MATERIAL SUPPLIED -
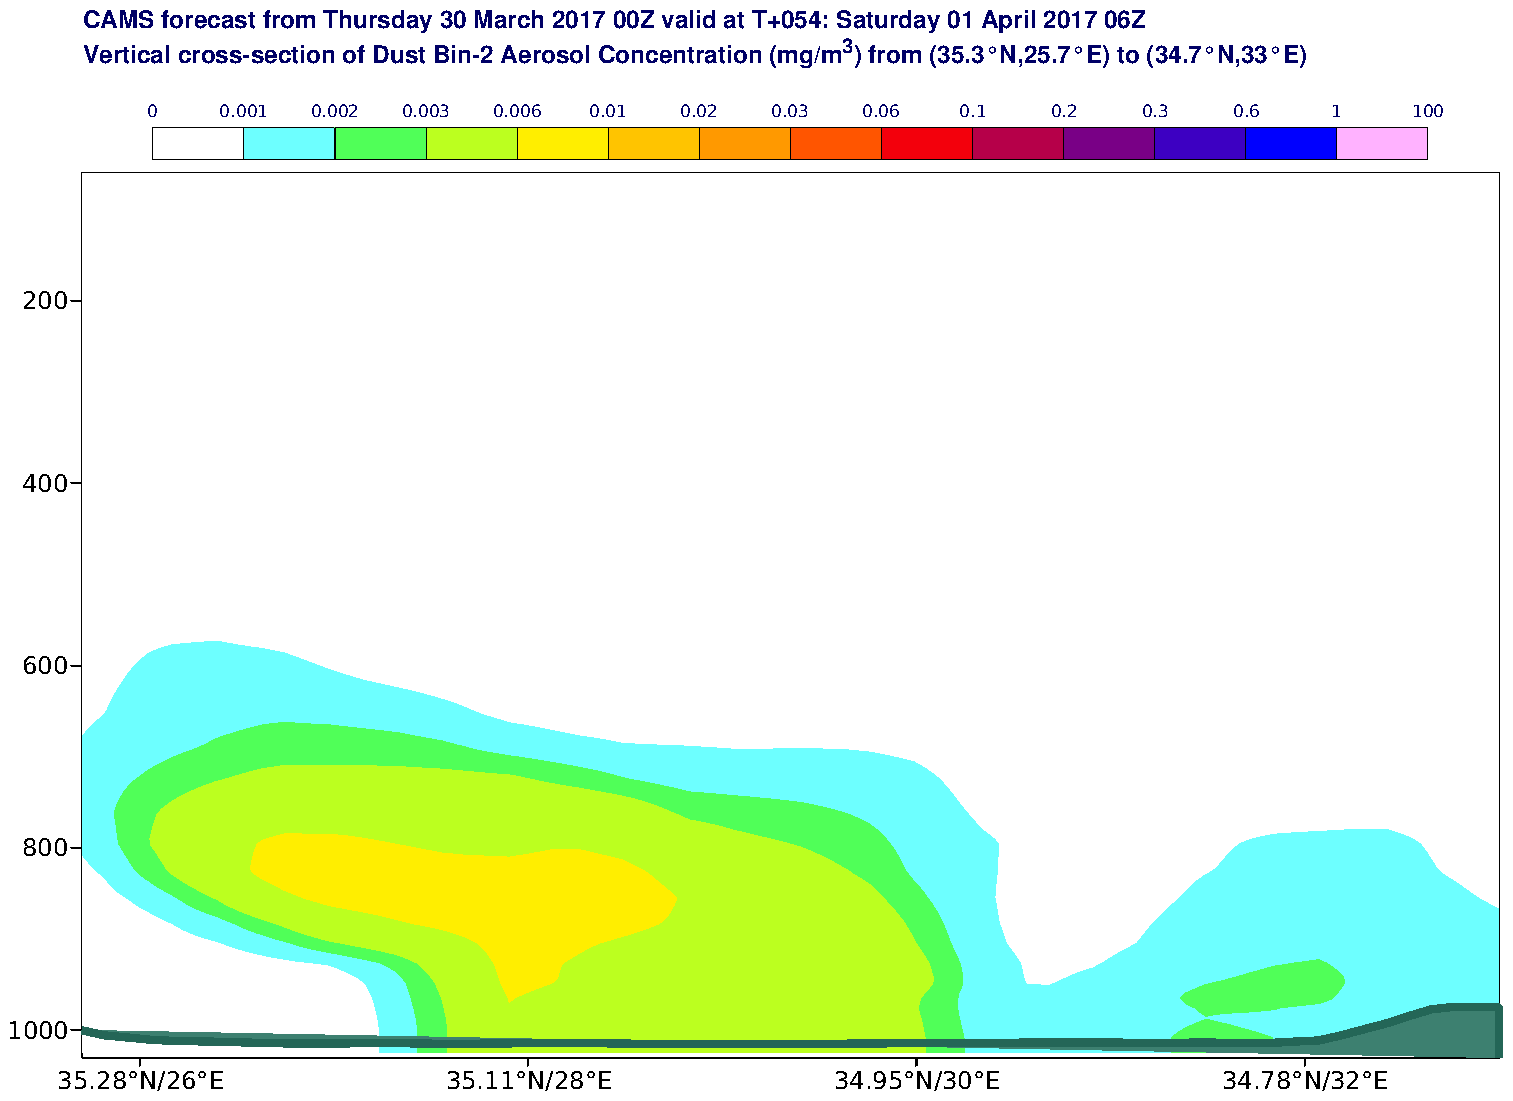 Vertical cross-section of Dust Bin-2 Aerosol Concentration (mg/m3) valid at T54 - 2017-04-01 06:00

* * *

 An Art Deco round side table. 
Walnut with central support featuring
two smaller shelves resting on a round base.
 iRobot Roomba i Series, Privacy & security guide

--

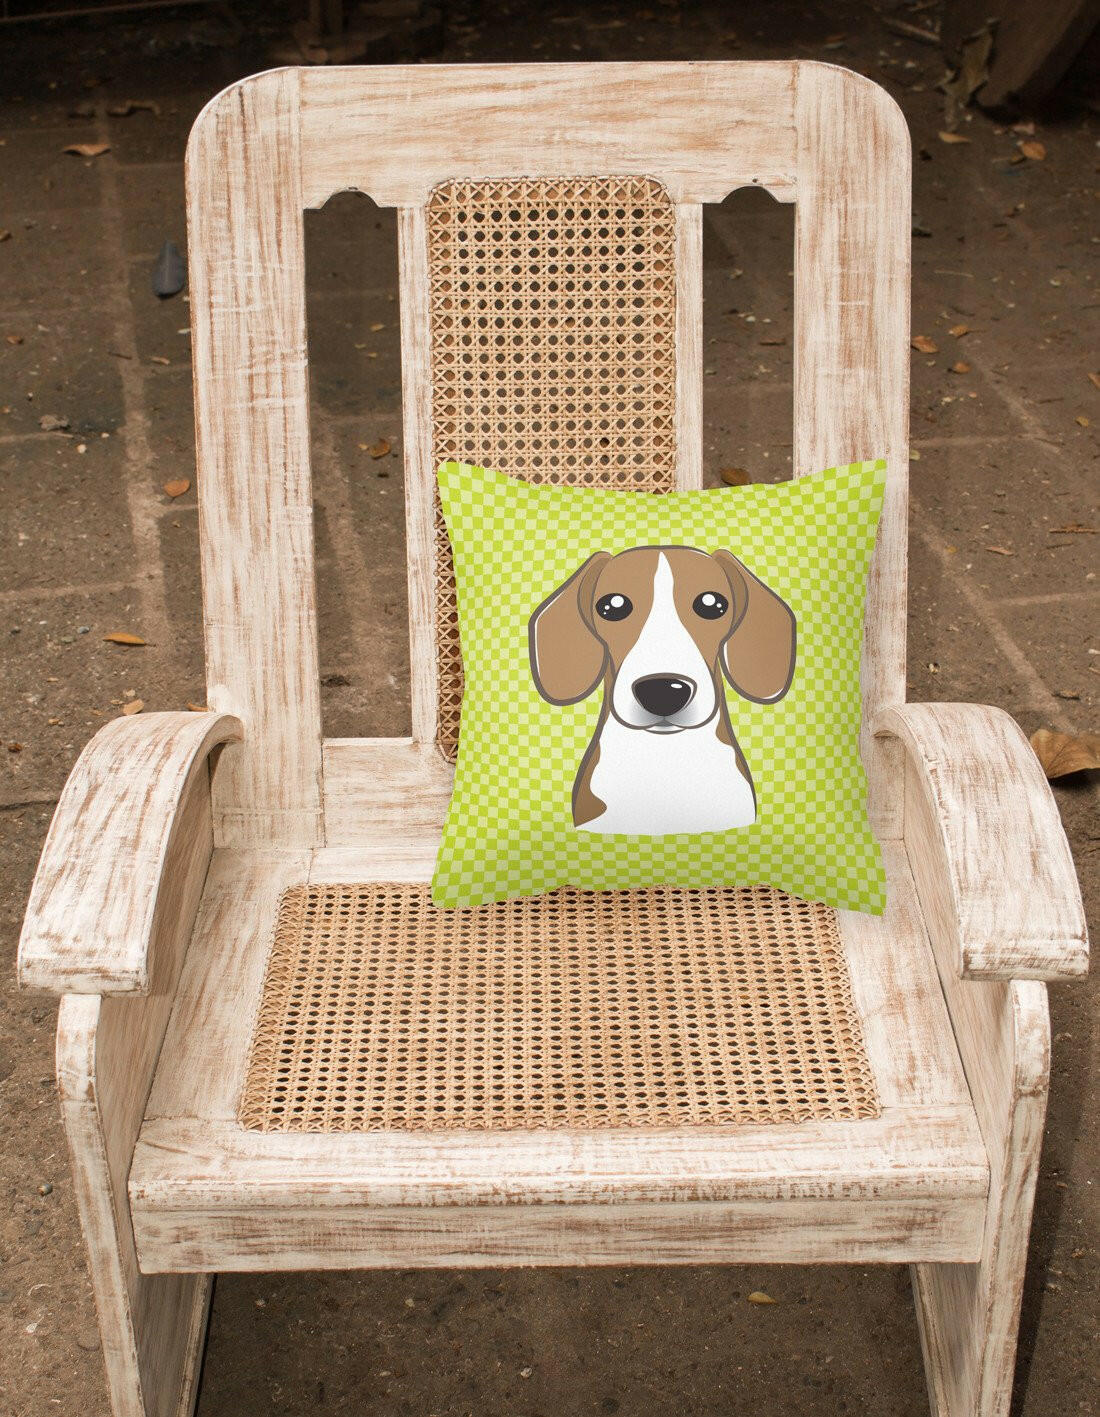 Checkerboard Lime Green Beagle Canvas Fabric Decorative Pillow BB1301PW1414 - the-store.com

PROBLEM DESCRIPTION -
Would you output, from the records above, exactly the run of lines that starts at the line containing "An Art Deco round side table." and ends at the line containing "iRobot Roomba i", and only that run?

TASK ANSWER -
 An Art Deco round side table. 
Walnut with central support featuring
two smaller shelves resting on a round base.
 iRobot Roomba i Series, Privacy & security guide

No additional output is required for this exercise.